Tag Archives: scars

About Scars

Most people are very uncomfortable around someone with obvious scars.  They stare at the person who has scars from surviving a house fire or they avoid even making simple eye contact with the person.  Some especially rude people ask this person what happened while wearing an expression of sheer disgust on their face.  Experiences like this make the person with the scars feel ashamed of how they look.  This sort of experience also can happen to someone who wears their scars inside as a result of surviving abuse.

So many people who live with ongoing mental health struggles such as Complex PTSD, PTSD, anxiety & depression as a result of being abused are shamed.  Some people mock these mental disorders while others deny their existence, which further contributes to the shame most abuse victims feel on some level for being abused.  This behavior is incredibly cruel but also foolish.

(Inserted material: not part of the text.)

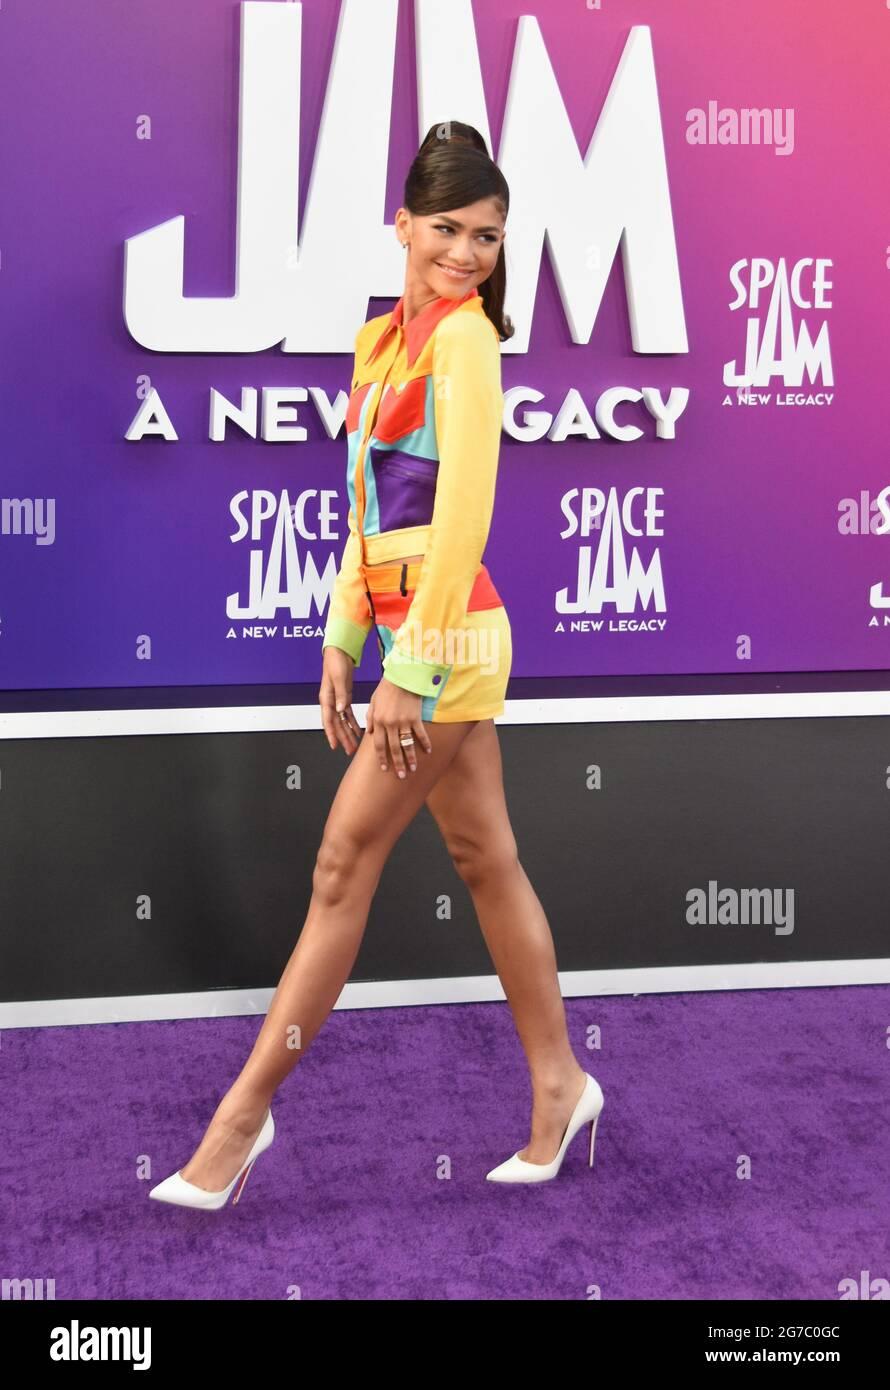 Los Angeles, Kalifornien, USA 12. Juli 2021 die Schauspielerin Zendaya nimmt an der Weltpremiere von Warner Bros. Picturs 'Space Jam: A New Legacy' im Regal L.A. Teil LIVE at 800 W. Olympic Blvd on July 12, 2021 in Los Angeles, California, USA. Foto von Barry King/Alamy Live News Stockfoto

Everyone has scars to some degree.  Those scars shouldn’t be a source of shame.  Scars tell a story of things you have experienced.

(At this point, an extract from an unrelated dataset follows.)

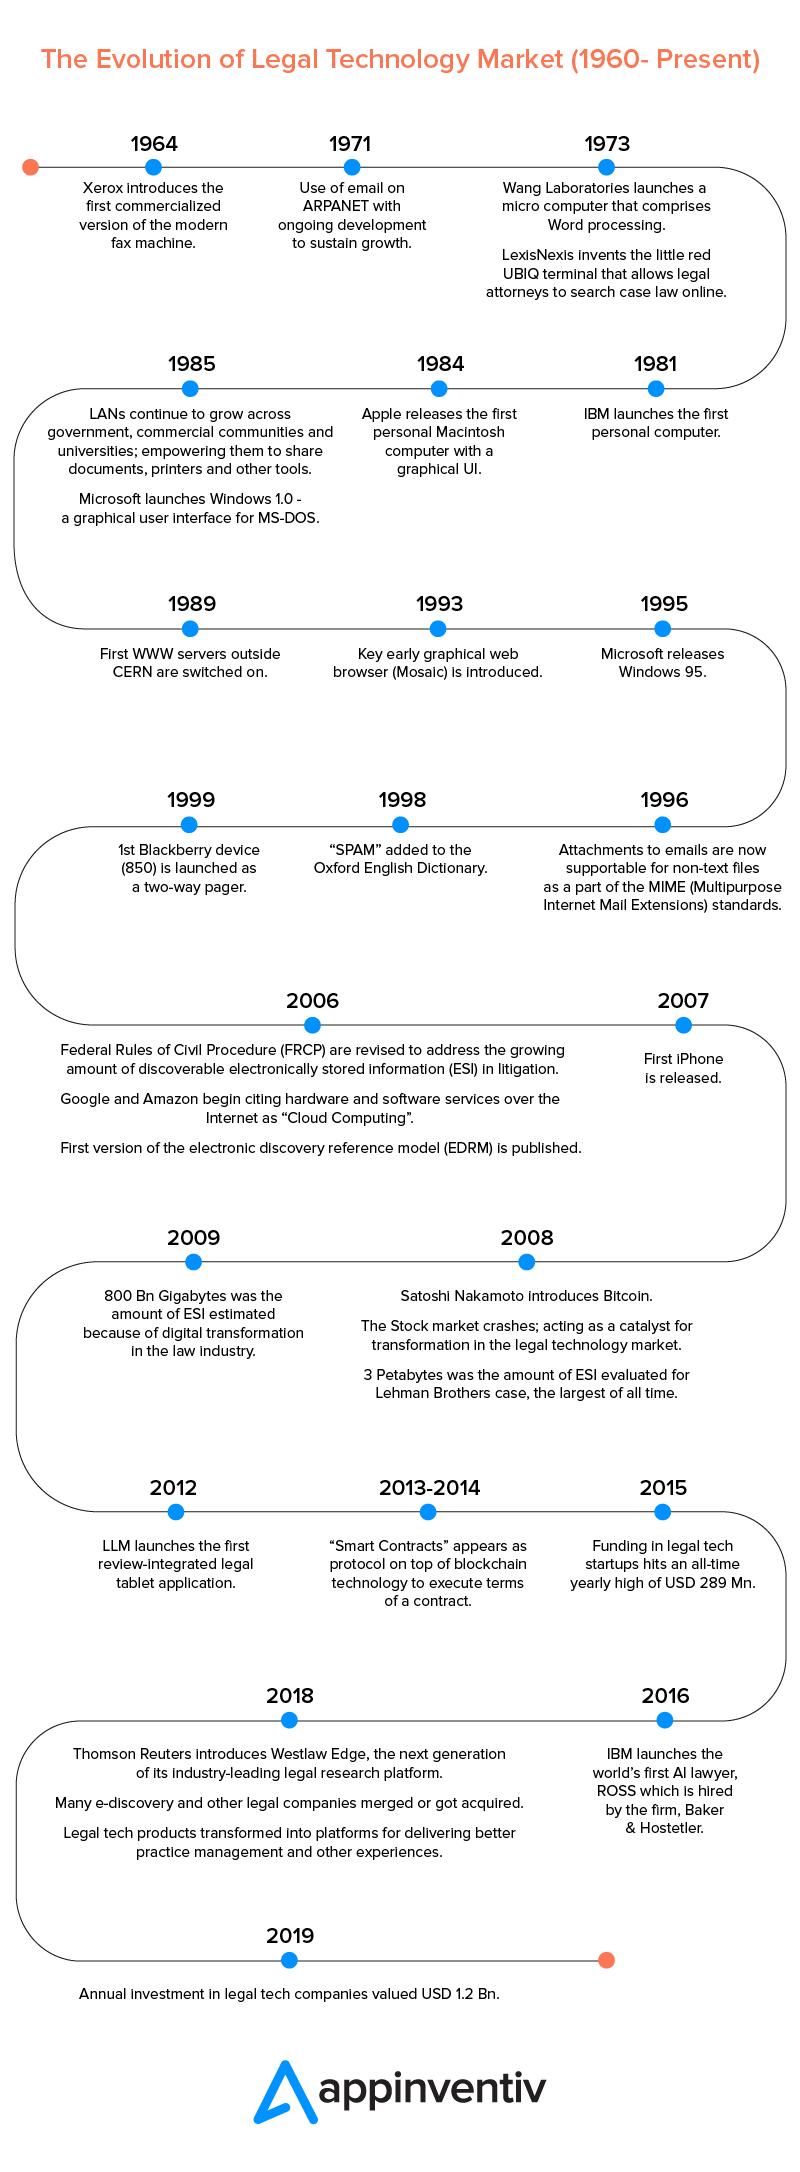 evolution of legal technology timeline

Some scars show a woman has birthed healthy children.

Some scars show what happened to a soldier who bravely threw himself in harm’s way to protect his fellow soldiers.

Some scars show that a fireman was injured while rescuing someone from a burning building on the verge of collapse.

Some scars show the vet assistant’s job involves a lot more physical pain than most people think because scared animals scratch & bite.

Some scars even show that a person was abused by someone they thought they could trust, someone they thought loved them & would be good to them.

The one thing all scars have in common is that they tell a story of something that could have destroyed a person yet they didn’t.  They tell a story of survival, strength & bravery. 

If you have survived abuse & feel your story isn’t somehow good or worthy like the people in the examples I provided, I want you to know that you are wrong.  Having a mental disorder or even disorders doesn’t mean you are weak, stupid, or a failure.  Far from it!  It means you survived something that could have destroyed you.  Narcissists do their level best to destroy their victims in every possible way, yet you survived that!  Of course you have some issues as a result of the abuse, because that is only normal.  Rather than be ashamed of those issues, why not be proud of the fact you survived what many people don’t?  Then, as if surviving isn’t enough, here you are, not only coping with those issues but learning, growing, healing & helping others who have experienced what you have.  You should be so proud of yourself for how far you have come!! 

Rather than be ashamed of your scars & try to hide them, I would like to suggest that you to accept them without judgment as reminders of your strength & courage!  Hold your head high & be proud of the person you are!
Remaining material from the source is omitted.